Он молчал, не сводя с нее странно блестящих глаз.

— Скоро будет готова овсянка. — «Бог свидетель, — подумала Мэри, — этот человек, судя по всему, уже очень давно не ел досыта». — Сэр, вы больны? Если хотите, слуги устроят вас в доме.

Лицо его исказилось в судорожной гримасе, все тело затряслось — не сразу Мэри поняла, что он смеется.

— От тебя мне ничего не нужно, — произнес он хрипло, с сильным иностранным акцентом. — От Уэстермира — другое дело. Он не умрет, пока не заплатит свои долги.

Мэри смотрела на него, открыв рот от удивления. Зловещая, похожая на ворона фигура захромала прочь и растворилась в толпе.


Бледный свет пасмурного дня начал меркнуть, а поисковые команды все не появлялись. Шахтеры, собравшись на лужайке, запели методистский гимн.

«Господь стал человеком и сошел на землю, — старательно выводили они, — чтобы спасти нас, грешных, во тьме и в горести пребывающих…»

Мэри подумалось, что таким песнопениям самое место на похоронах. Нервы ее были так натянуты, что даже слаженные голоса рабочих больно задевали ее слух.

Вдвоем с Пенелопой они раскладывали кашу по тарелкам и носили на улицу. От усталости Мэри еле держалась на ногах: ничего она так не хотела, как пойти наверх, в спальню, рухнуть на постель и наконец-то дать волю слезам.

Она положила черпак и уже хотела сказать Пенелопе, что идет наверх отдохнуть, как вдруг по толпе беженцев пронесся легкий, как будто удивленный ропот.

— Боже мой! — онемевшими губами прошептала Мэри. Она поняла, что означает этот шум, еще до того, как увидела шестерых мужчин, несущих что-то на сложенном одеяле.

С криком она выбежала из кухни и начала протискиваться сквозь толпу.

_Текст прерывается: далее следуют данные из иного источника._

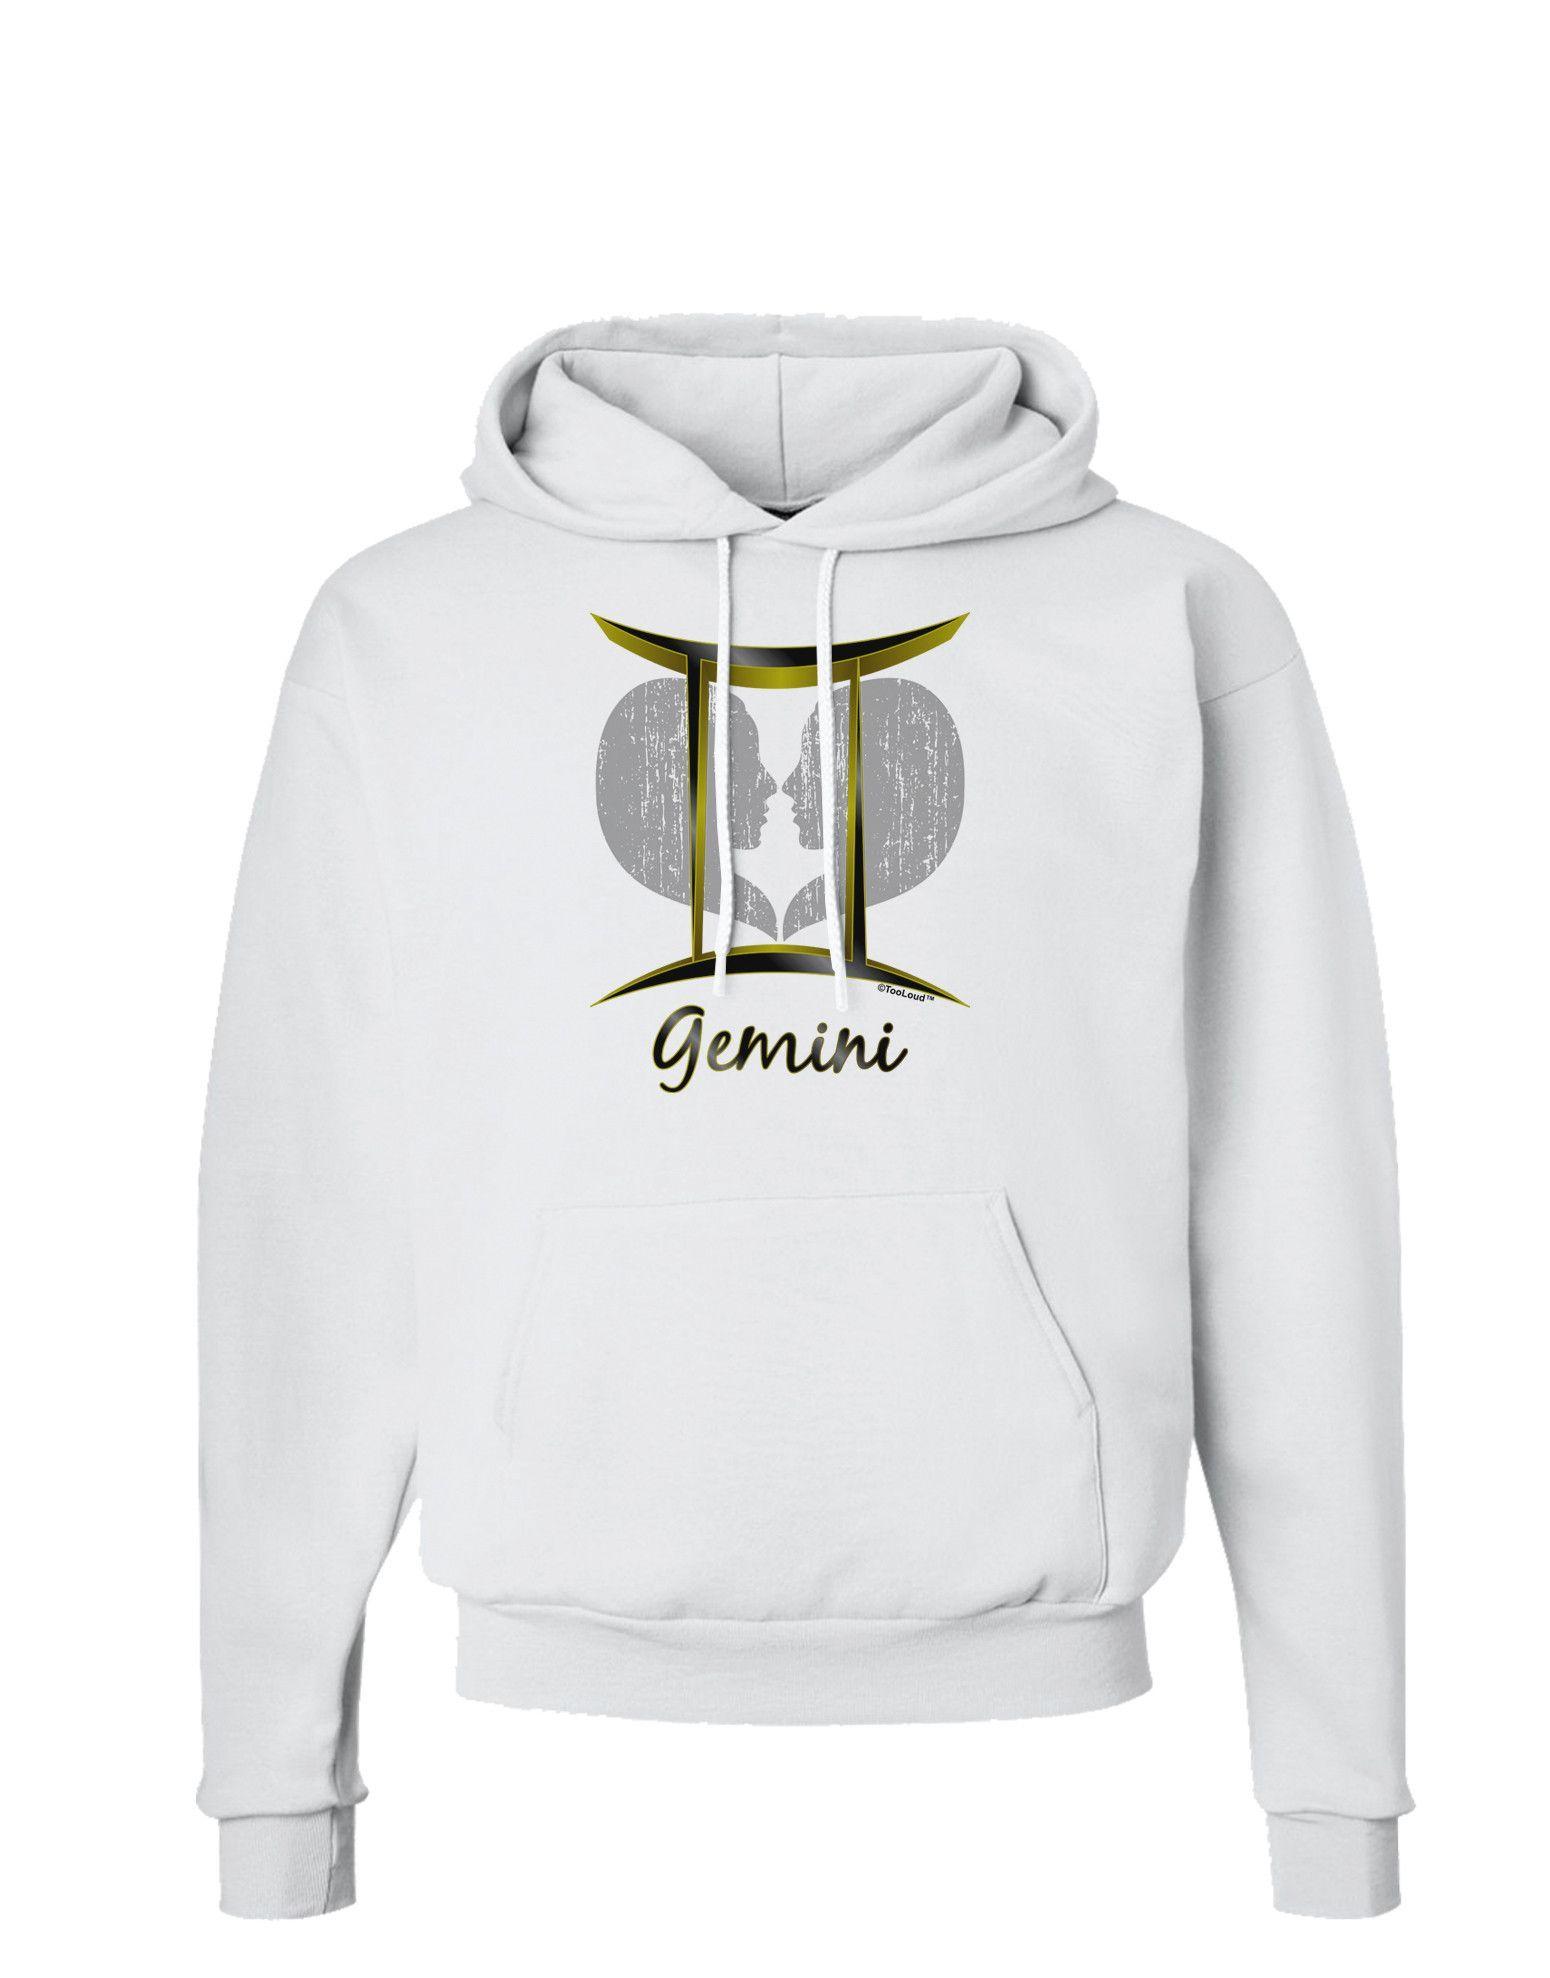 Gemini symbol hoodie sweatshirt gemini symbol gemini and symbols tooloud gemini symbol hoodie sweatshirt buycottarizona

Люди безмолвно расступались, пропуская ее.

Первым увидел ее Реджи Пендрагон, бледный, с измученным, ничего не выражающим лицом. Он встретился с ней глазами и отвернулся. Рядом с ним стоял суровый и мрачный Джек Айронфут.

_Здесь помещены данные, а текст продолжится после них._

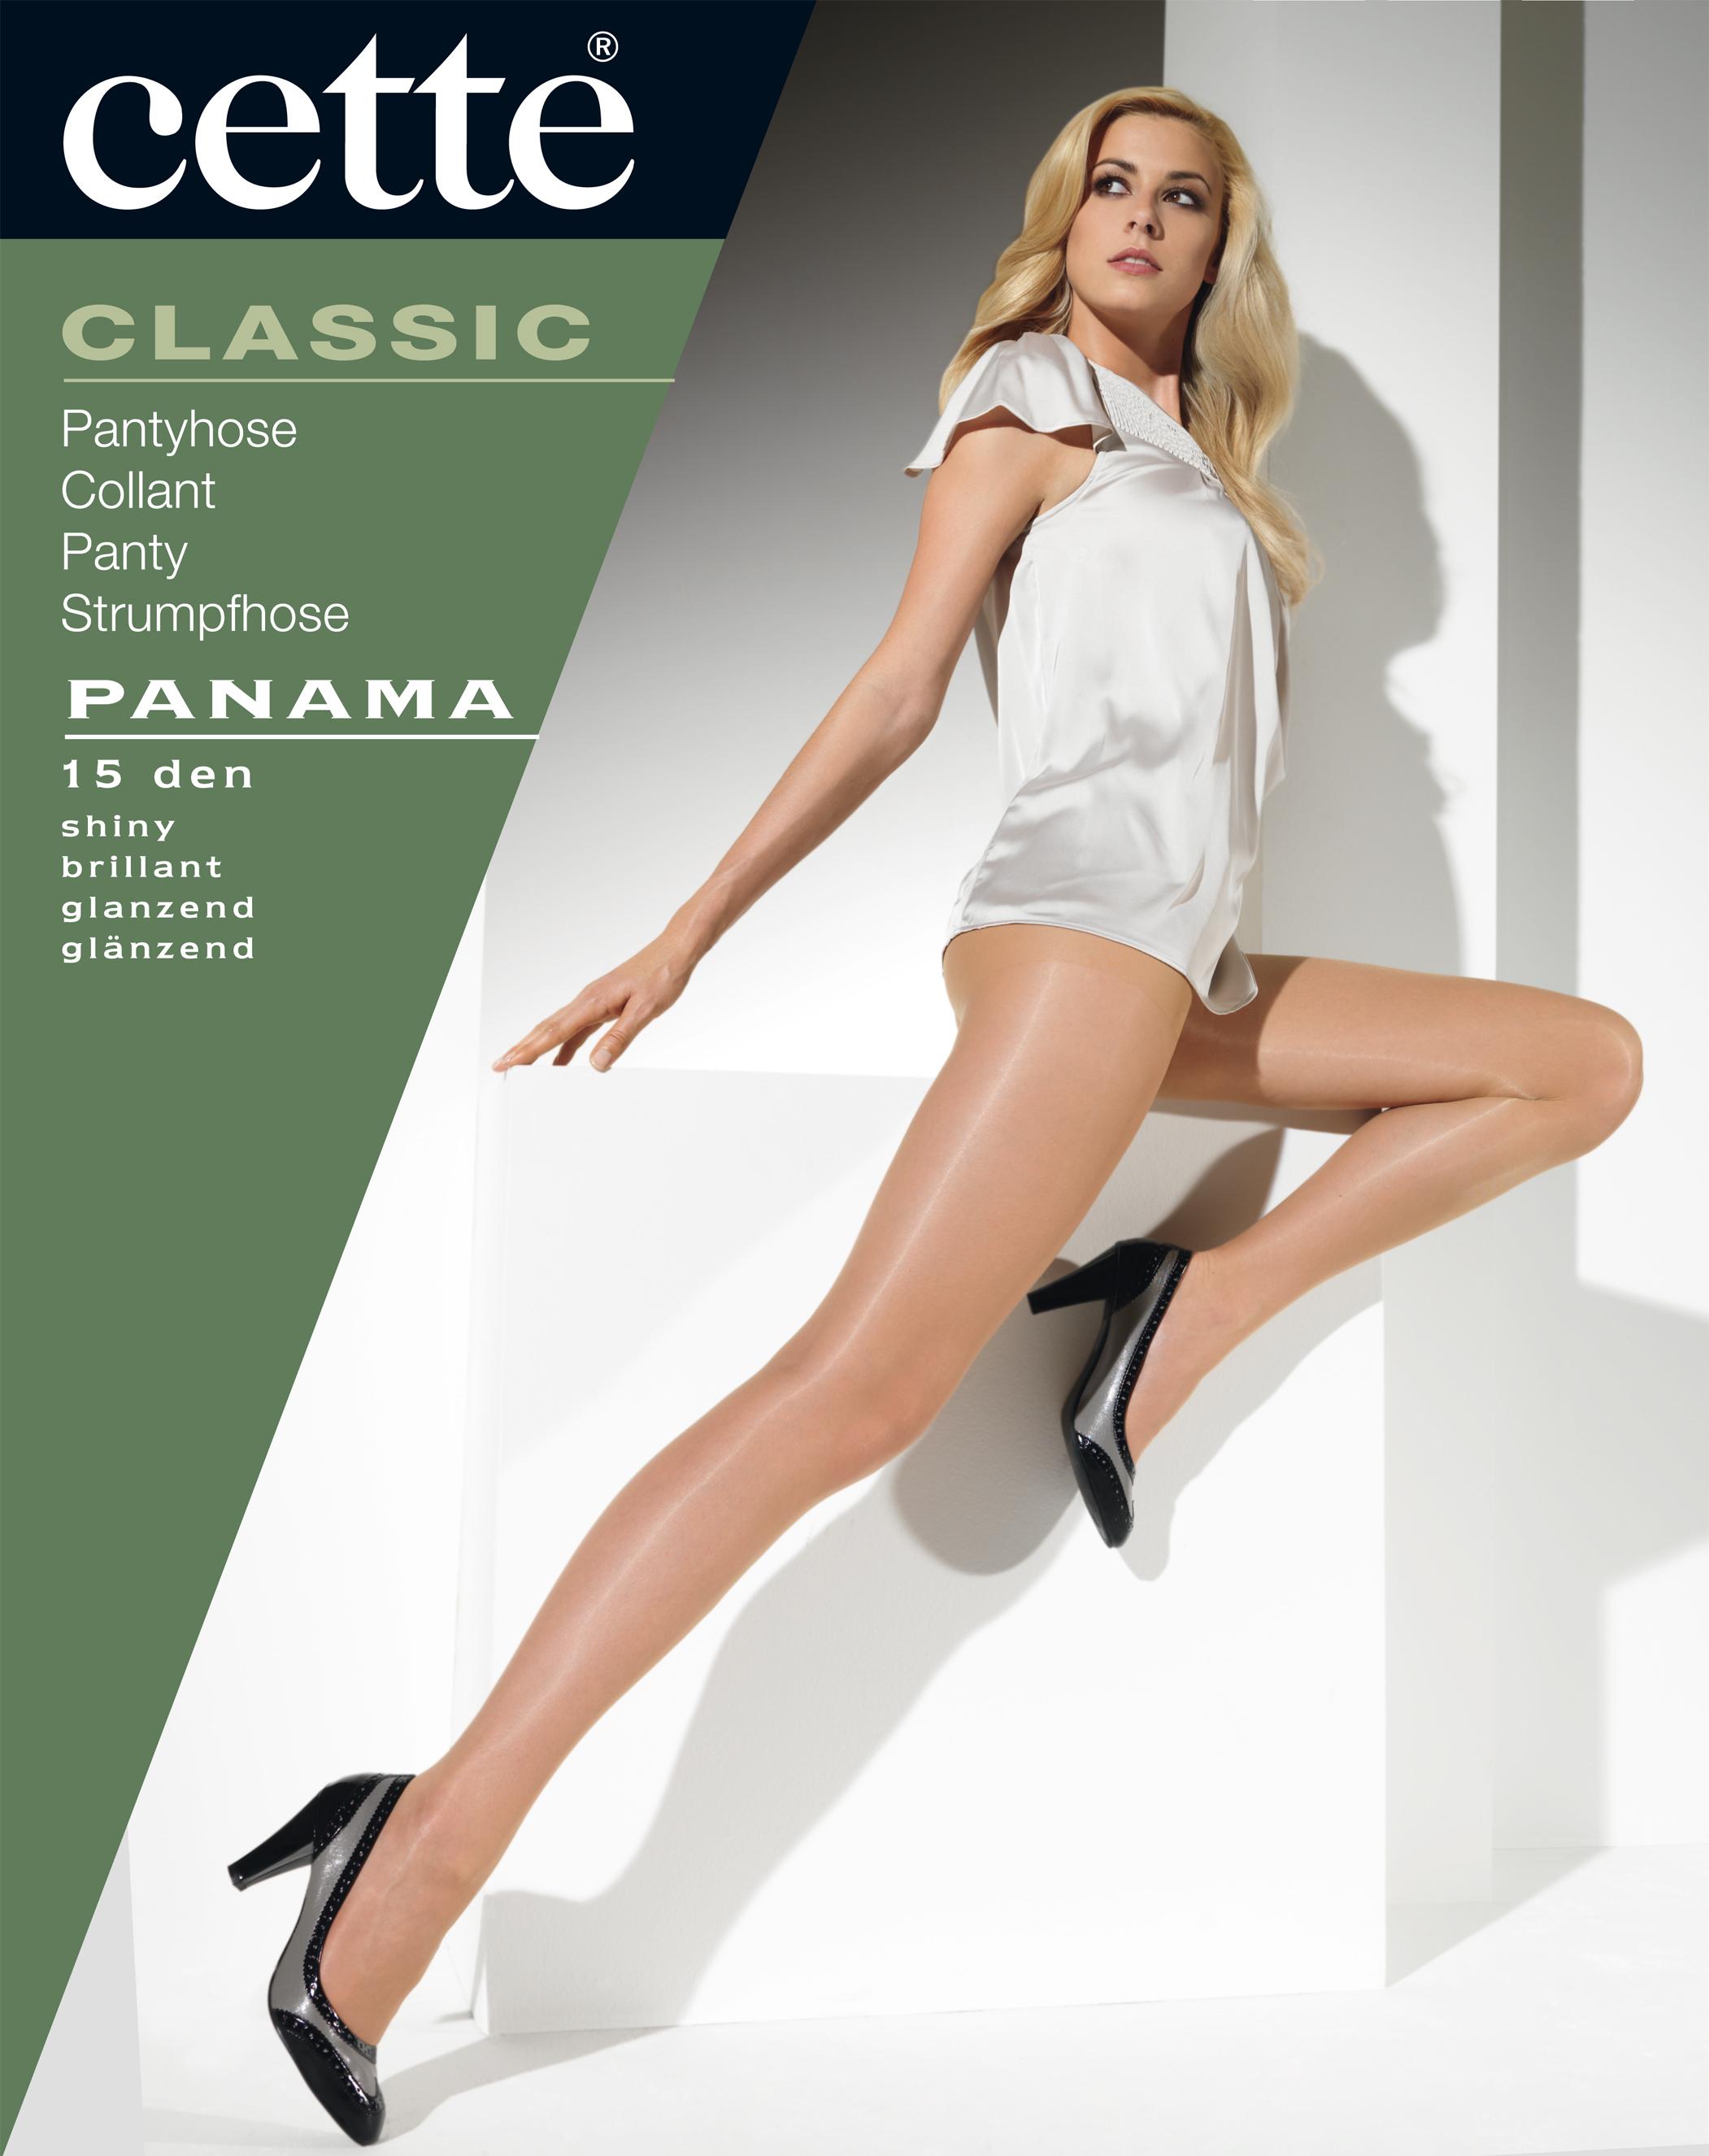 8d42bd8b6 Cette Panama - 15 denier gloss tights

Перед глазами у Мэри все плыло: словно в тумане, видела она распростертое на одеяле мощное тело, бессильно закинутую голову, отброшенную руку…

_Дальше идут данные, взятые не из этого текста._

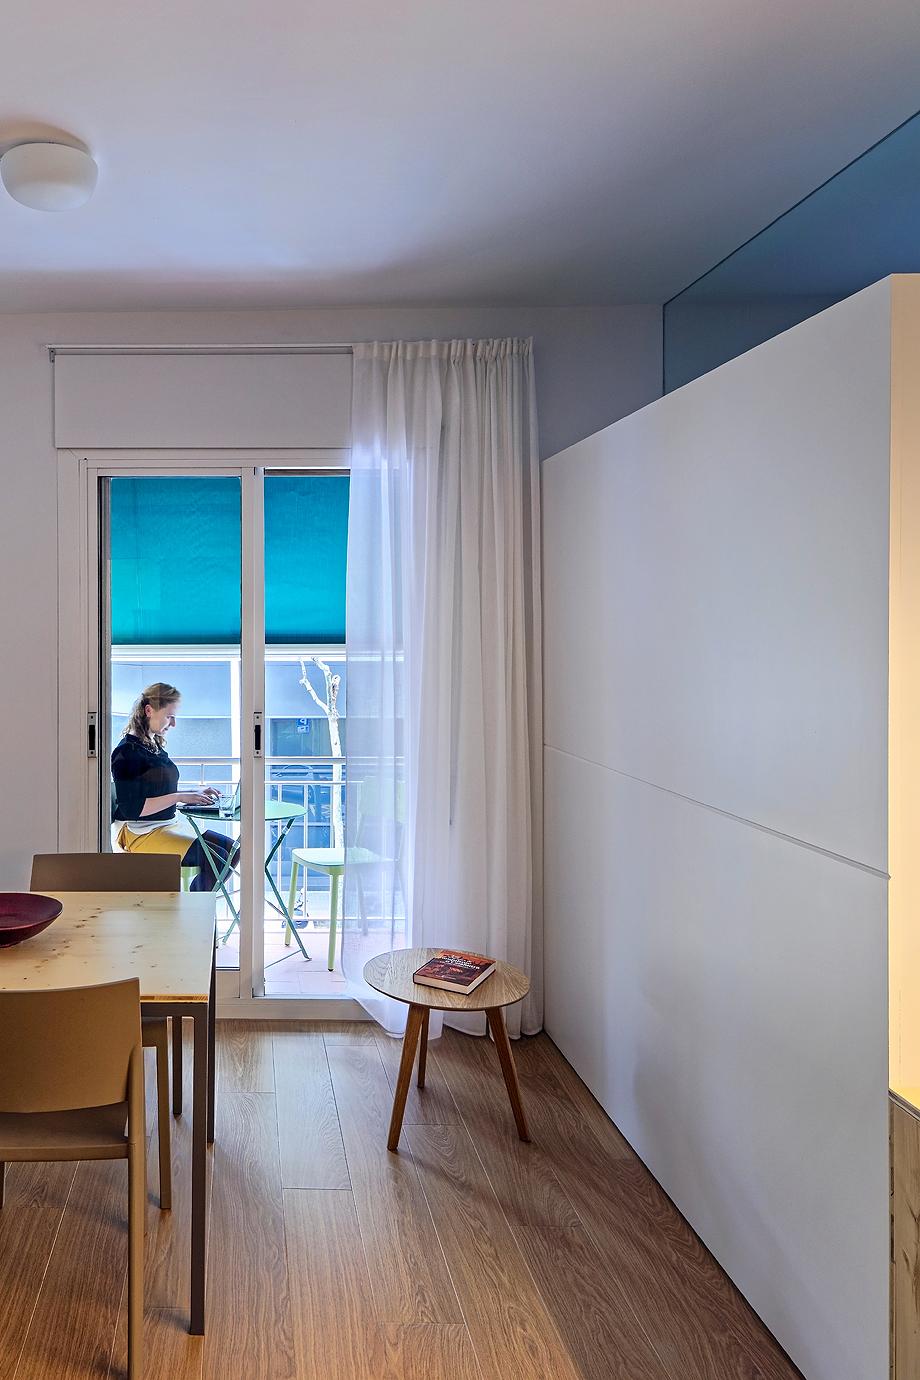 vivienda de alquiler diseño low cost agusti costa (16)

Он умер. Лица его товарищей говорили об этом яснее слов.

— Положите его! — приказала Мэри.

По команде Джека носильщики нагнулись и осторожно опустили свою ношу на землю.

— Он совсем холодный, — потерянно пробормотал Реджи. — Как лед. И пульс не прощупывается…

Мэри опустилась на колени. Герцог был обнажен — должно быть, сорвал с себя и одежду, и обувь, пытаясь спастись. Грязная повязка на голове пропиталась кровью. И сейчас он был прекрасен, но холодной, безжизненной красотой мраморной статуи.

Хрипло застонав, Мэри упала на тело. Ледяной холод пронзил ее до костей, и она с ужасом поняла, что обнимает мертвеца.

— Доминик, как ты мог умереть! — сдавленно простонала она. — Я ведь так и не сказала, что люблю тебя! Тебя, а не твои деньги! Я любила бы тебя, будь ты даже последним нищим! Я бы ходила с тобой по дорогам, просила милостыню ради тебя и растила бы твоих детей в самой жалкой лачуге… — Она попыталась встряхнуть его за плечи, но он был слишком тяжел для нее. — Доминик, ты меня слышишь?

И в отчаянии она прильнула губами к его ледяным губам.

Люди стояли вокруг, не шевелясь и не произнося ни слова. Только в заднем ряду громко всхлипывала какая-то женщина. Кто-то из перемазанных грязью спасателей хотел поднять Мэри и отвести прочь от тела, но Джек Айронфут молча и сурово покачал головой.

И вдруг Мэри подняла голову. На измученном лице ее отражалось изумление и недоверие. Она обвела глазами толпу, и почти безумный взгляд ее остановился на Джеке Айронфуте.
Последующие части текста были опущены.